I was just so unhappy with who I am, society forced me to live up to their oh so sacharrine sweet standards. I went to Doctors, I tried diets. I even spent the whole week before the prom eating nothing but nilla wafers and those damn english digestive biscuits. have you ever tried those things? Goddamn the English!

I bought one of those electronic catalytic stones that you’re supposed to run over your pits, deodorant soap, and snarfed beano 3 times a day, all to try to fit into some unrealistic standard, trying to be normal, trying to be one of the sweet people.

But you know what?

FUCK YOU!!!

This is who I am! This is what I smell like! This is me!

I’m happy with who I am.

You don’t like my smell?

Tough shit! Why don’t you come stand a little closer and say that?

I don’t need to change me just to conform to your artificial standard.

I think and feel and breathe and eat just like you do! I have hopes and desires.

I see Jarbabyj sitting over their smirking at me with those big breasts and smug superior look on her face, but one day you’ll cut one loose in a crowded elevator, and then you’ll know what it feels like to walk a mile in my shoes.

Like your shit doesn’t stink. Right?
You’re all a bunch of hypocrites!
Know wonder you don’t like that stink. It’s the odor of righteoussness.
You might all walk around talking about how I rank I am, but you know what they say?
Rank has its privileges.

You know what’s funny? Before I knew what it was, I LIKED the smell of sweat. I thought it was my grandfather’s smell. After I found out that popular opinion was that sweat smelled awful, I started to hate it too. So, basically, I think that people like the smell of sweat deep down but they’re afraid to admit it. Haven’t we been barraged with studies about how women are attracted to men based on smell? They’re all just jealous, Scylla.

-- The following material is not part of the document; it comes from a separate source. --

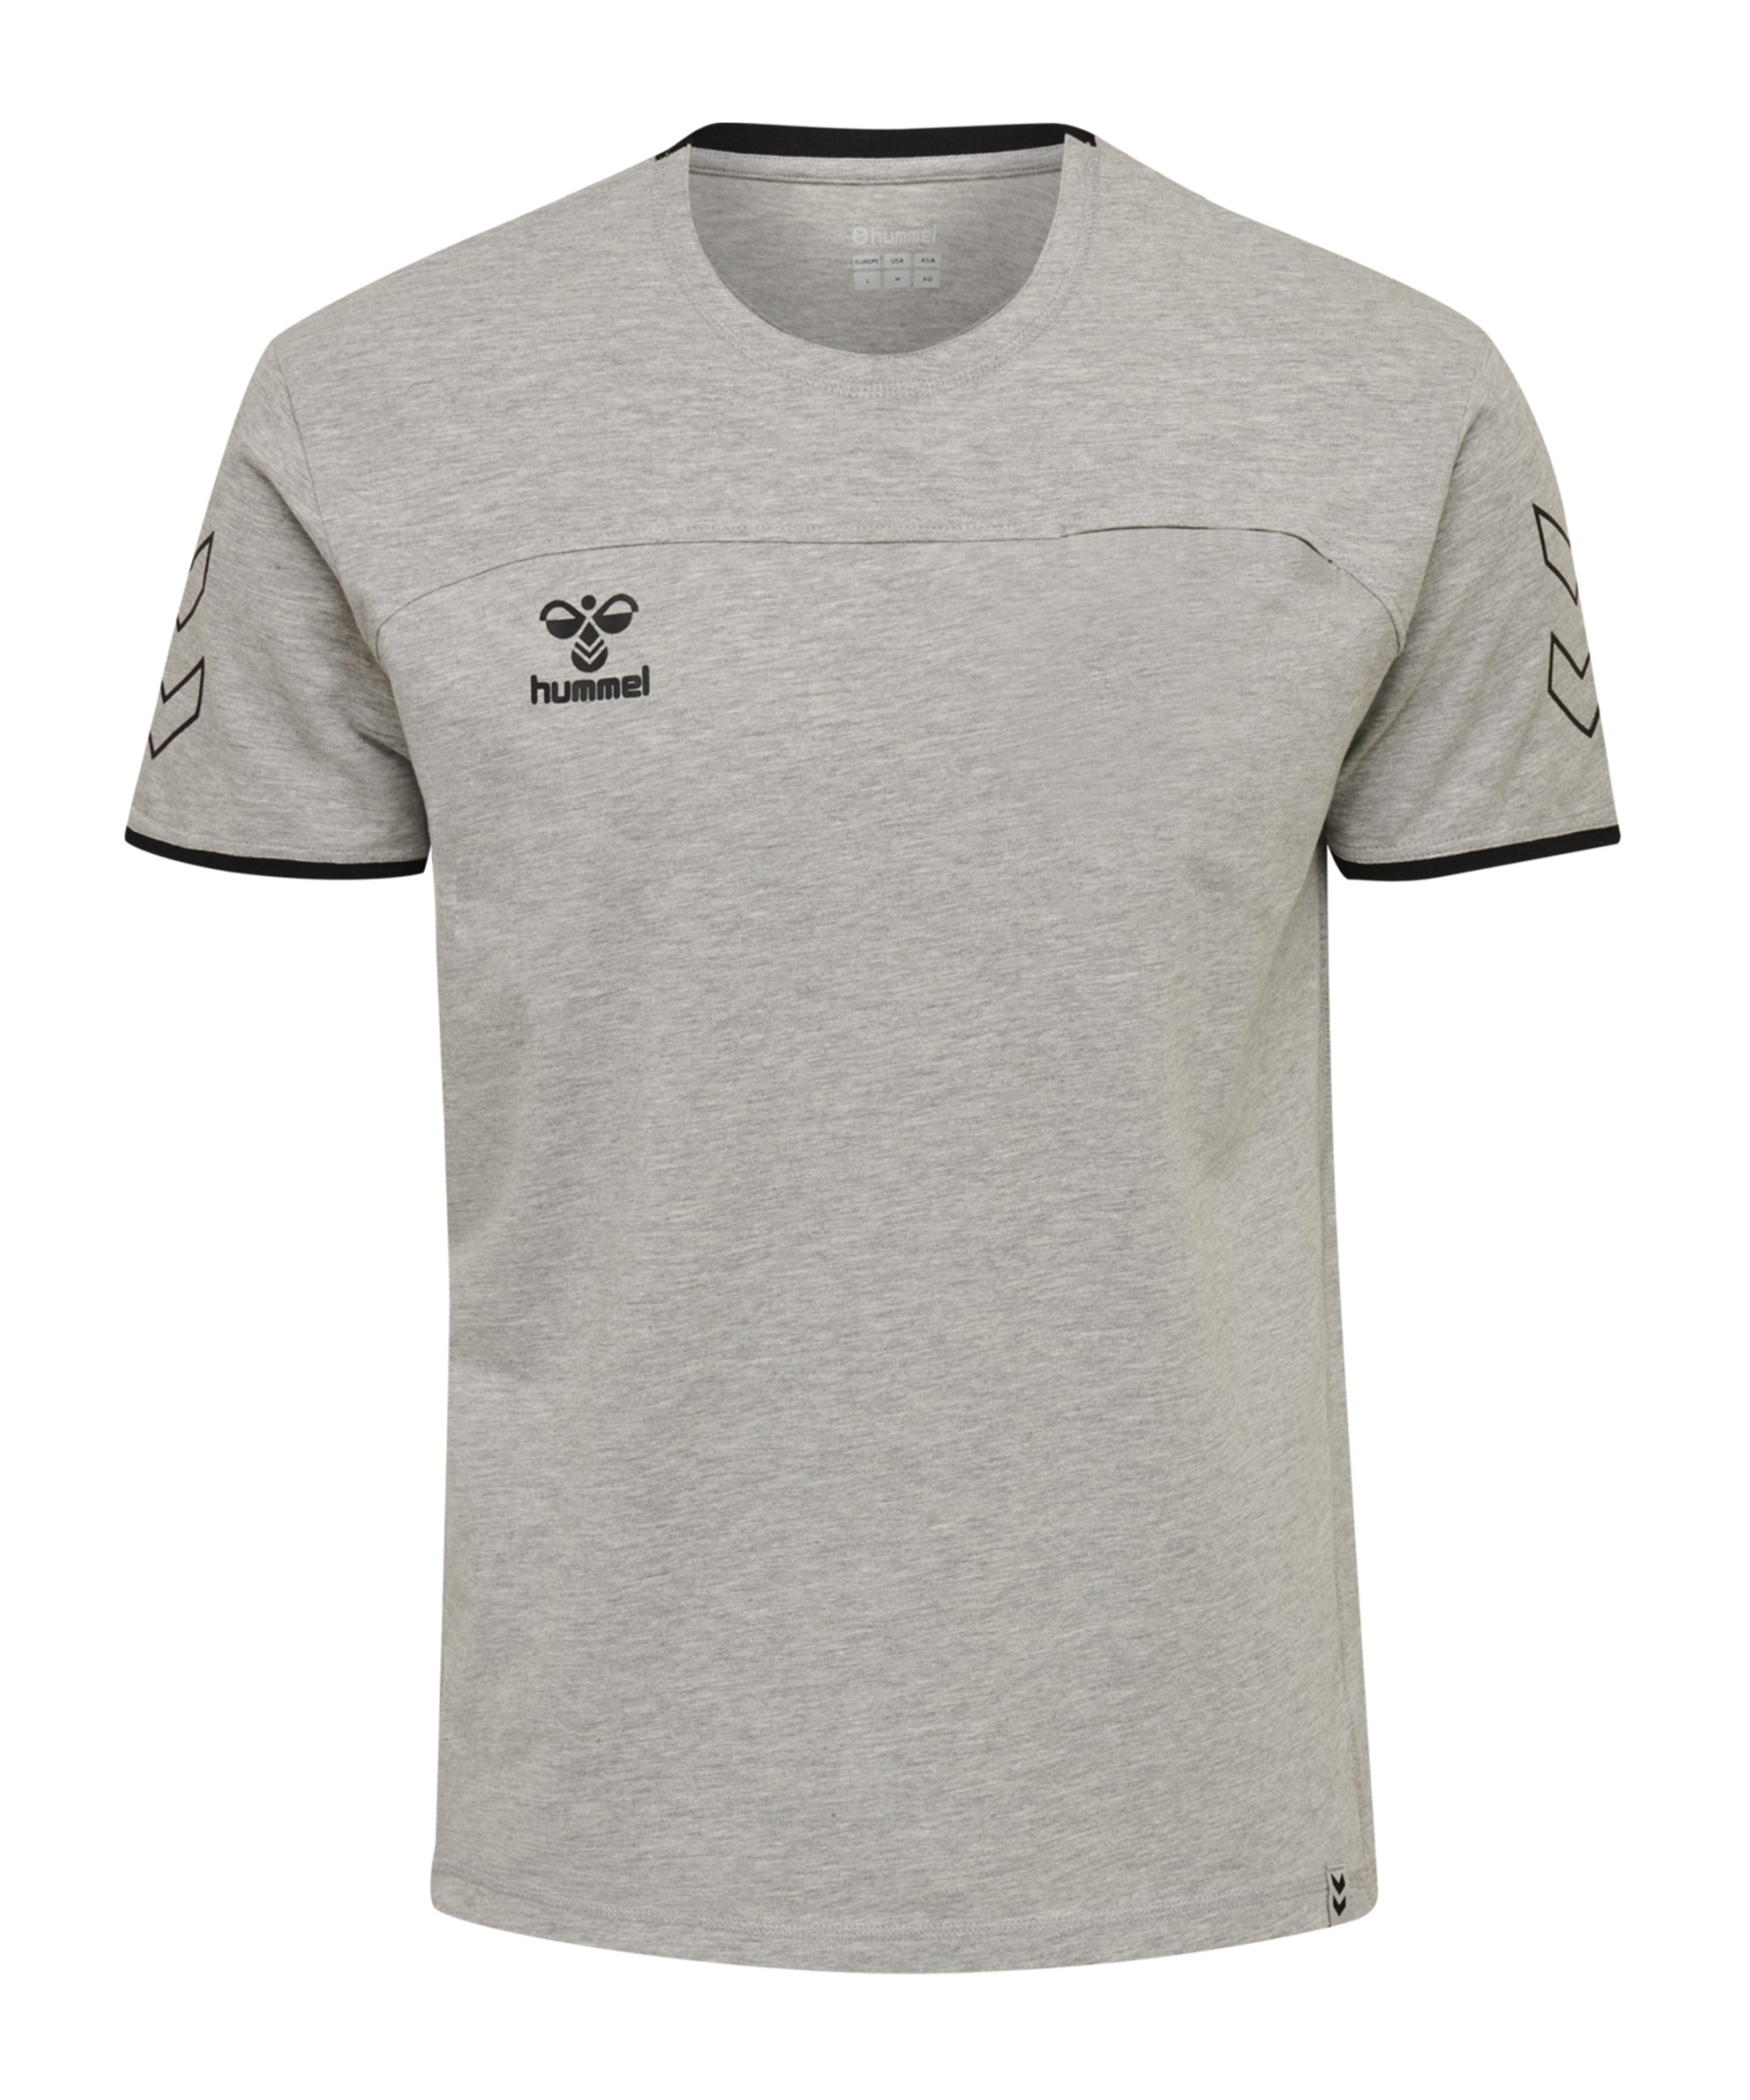 Hummel Cima T-Shirt Grau F2006 - grau

Your problem is simpler than you imagine o’ skunky one. You need to raise the temperature of your shower water to just before scalding and your sweat stink B.O. will go away after a week or so of vigorous (especially pits) scrubbing. Soaps do not matter, the water temperature is the key. The potent bacteria that causes your stink has embedded itself in your pores and needs to be killed with super hot scrub downs. You also need to get rid of your stunk up clothes and underwear as well, as they will re-stinkify at a a moments notice.

You’re welcome.

Ah – here’s the problem. Don’t you need a soul to smell good? :slight_smile:

Seriously, have you tried running in the mornings? I found aerobic activity did the trick for me. I know it sounds counterintuitive, but some how, a good healthy sweat removed that rank sweat action.

Ah, but Scylla is a runner. A big stinky warrior-runner! (He told us so :stuck_out_tongue: )

Listen buddy - stink all you fucking like, but no one knocks the digestives. 'Kay?

settles back to a nice cup of tea and a couple of McVities

I second.

She might very well be the Queen of Sheba.